- **What the task asks**: Line by line, output everything from the one that contains "A close up of" through the end of the material below, exactly as written and with no pictures.

- **Given information**:
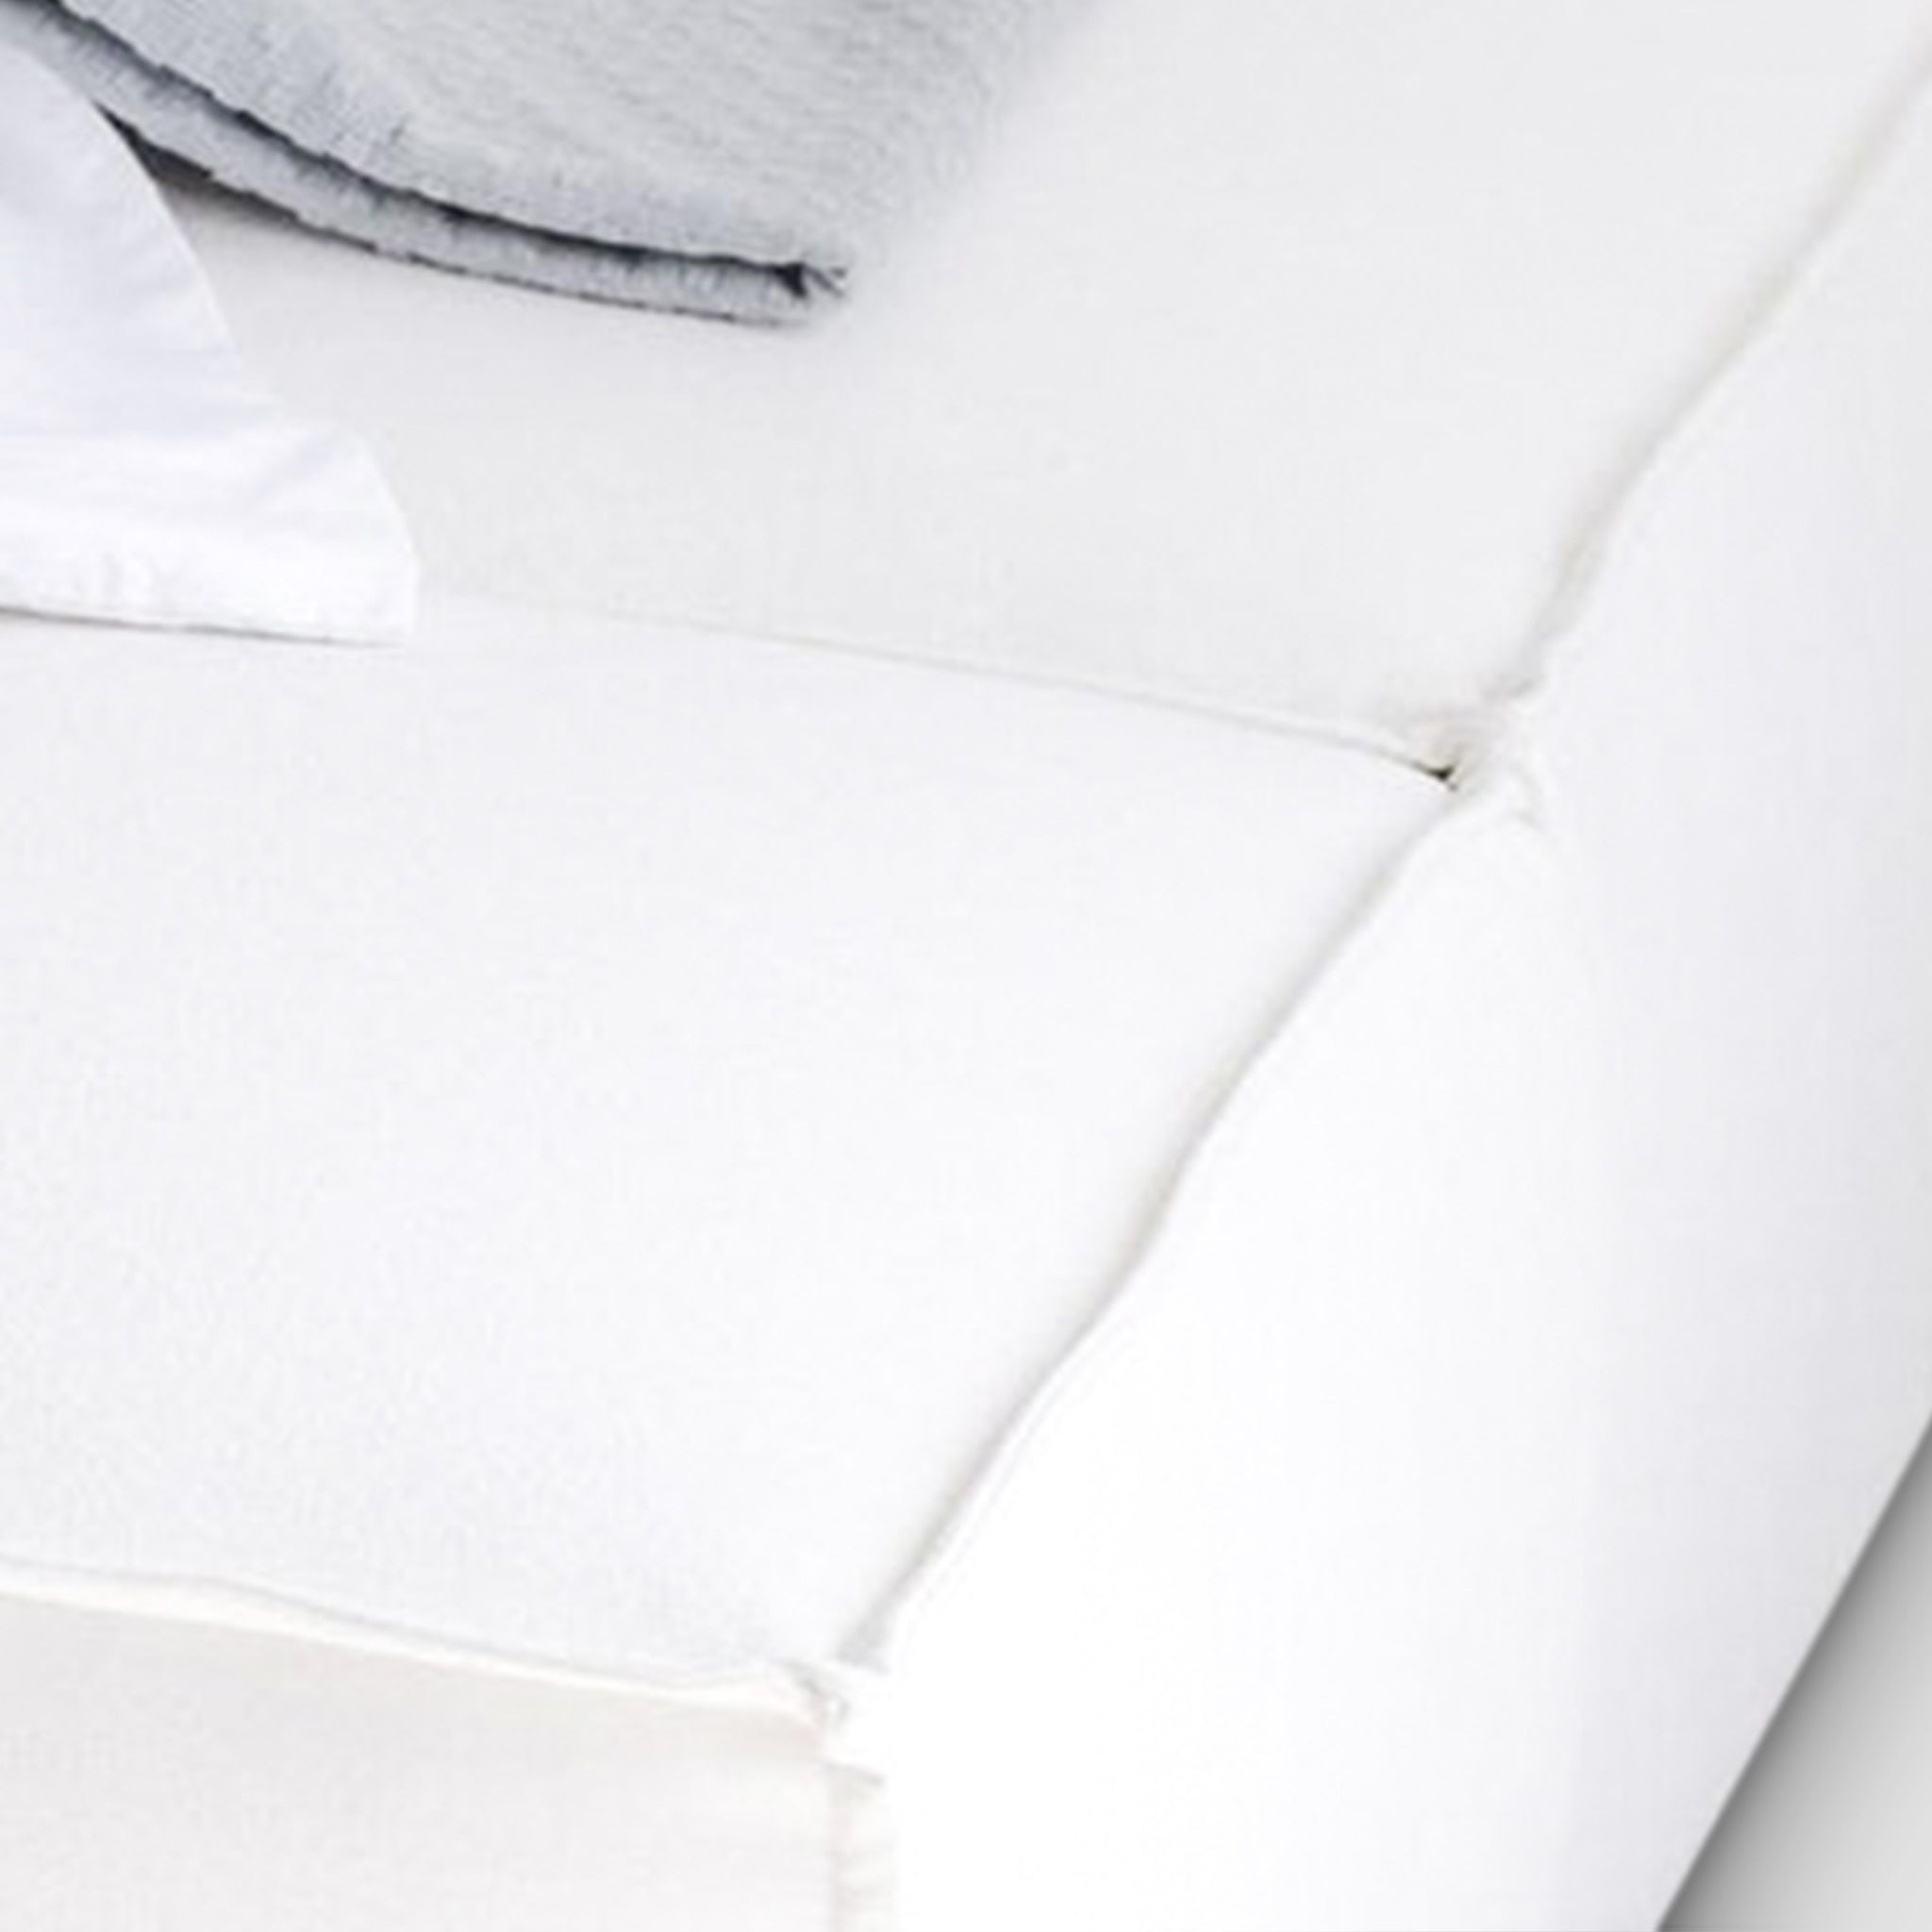 Close-up of plush white mattress with a gray blanket. Soft and inviting sleep surface.
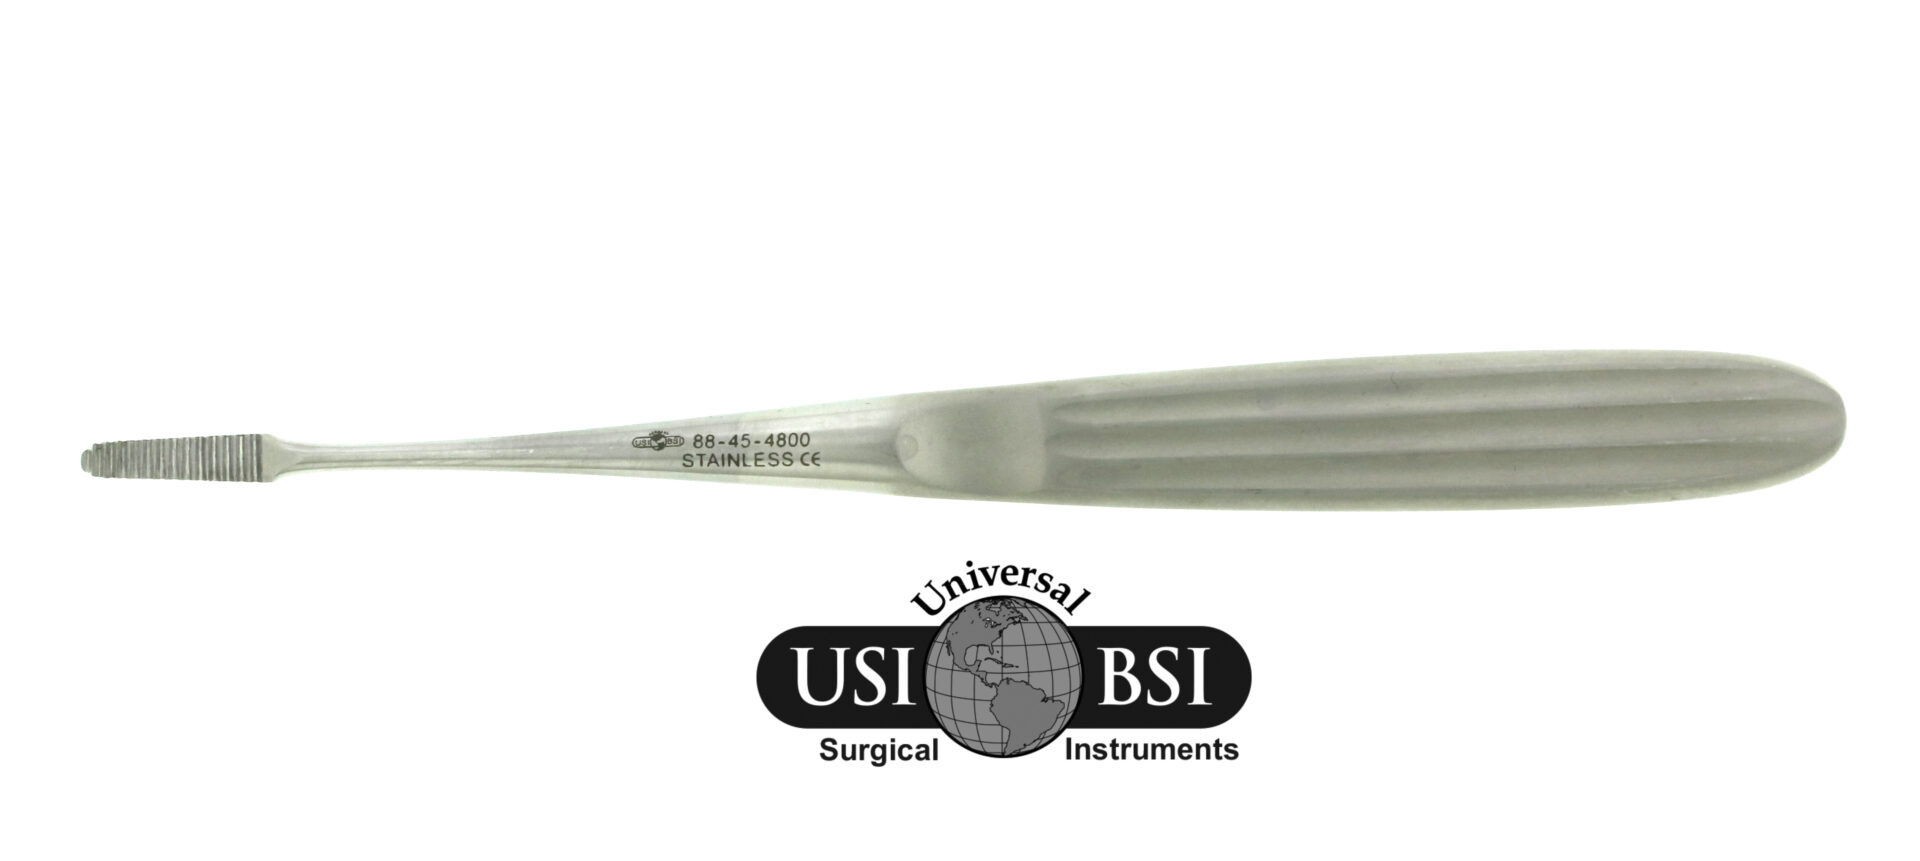 A close up of the logo for universal surgical instruments
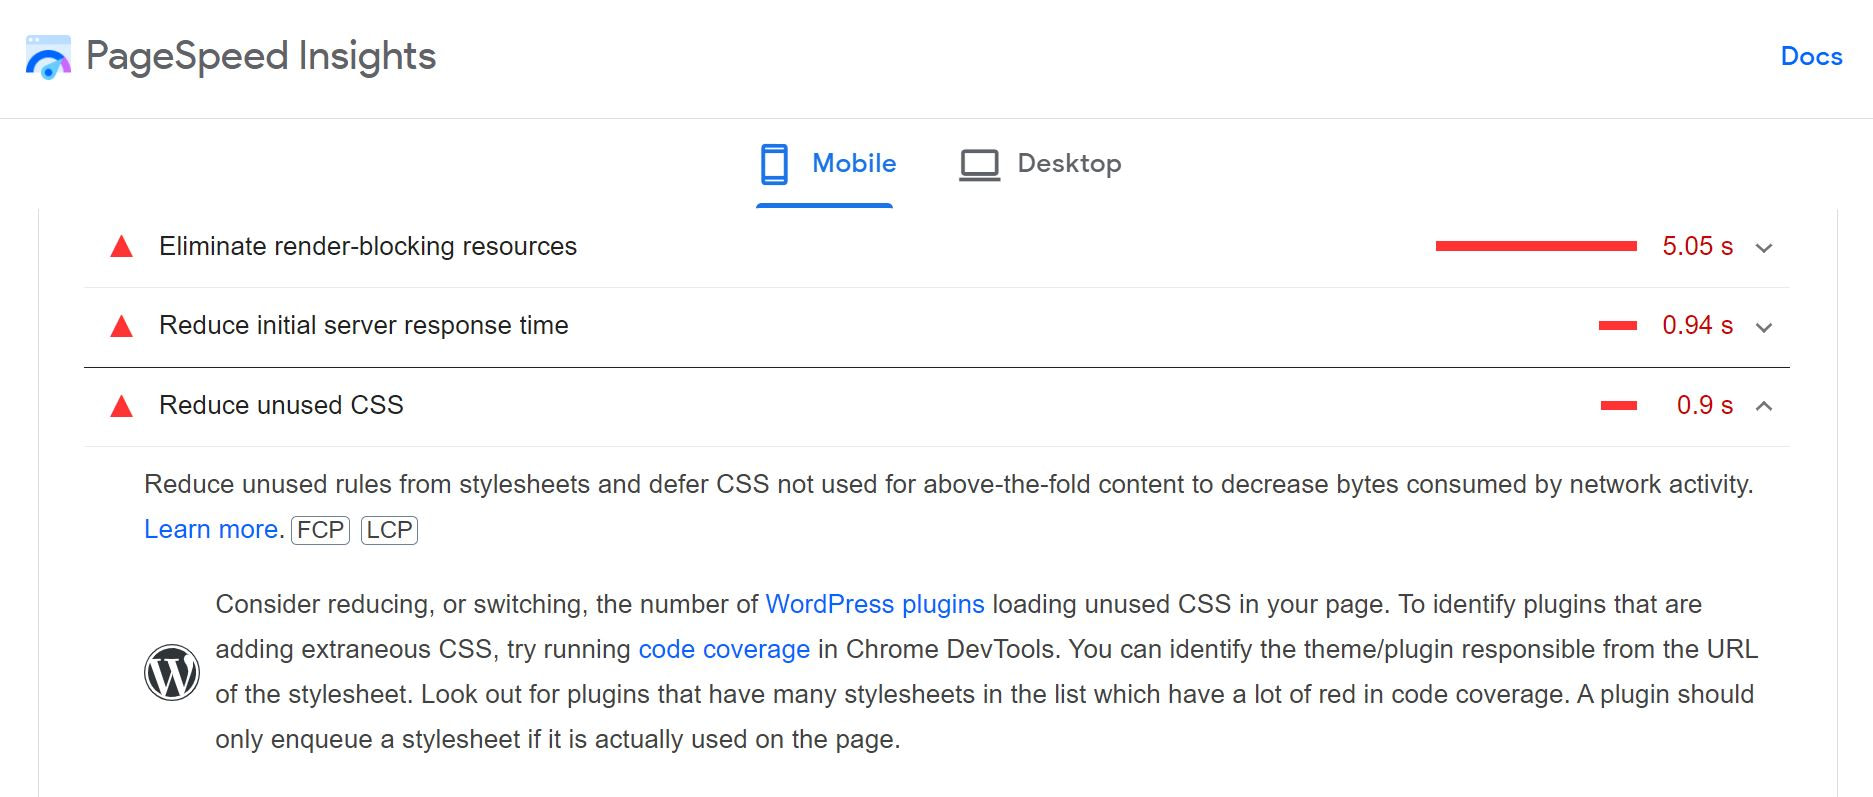 PageSpeed Insights recommendation for reducing unused CSS

- **Task solution**:
 A close up of the logo for universal surgical instruments
 PageSpeed Insights recommendation for reducing unused CSS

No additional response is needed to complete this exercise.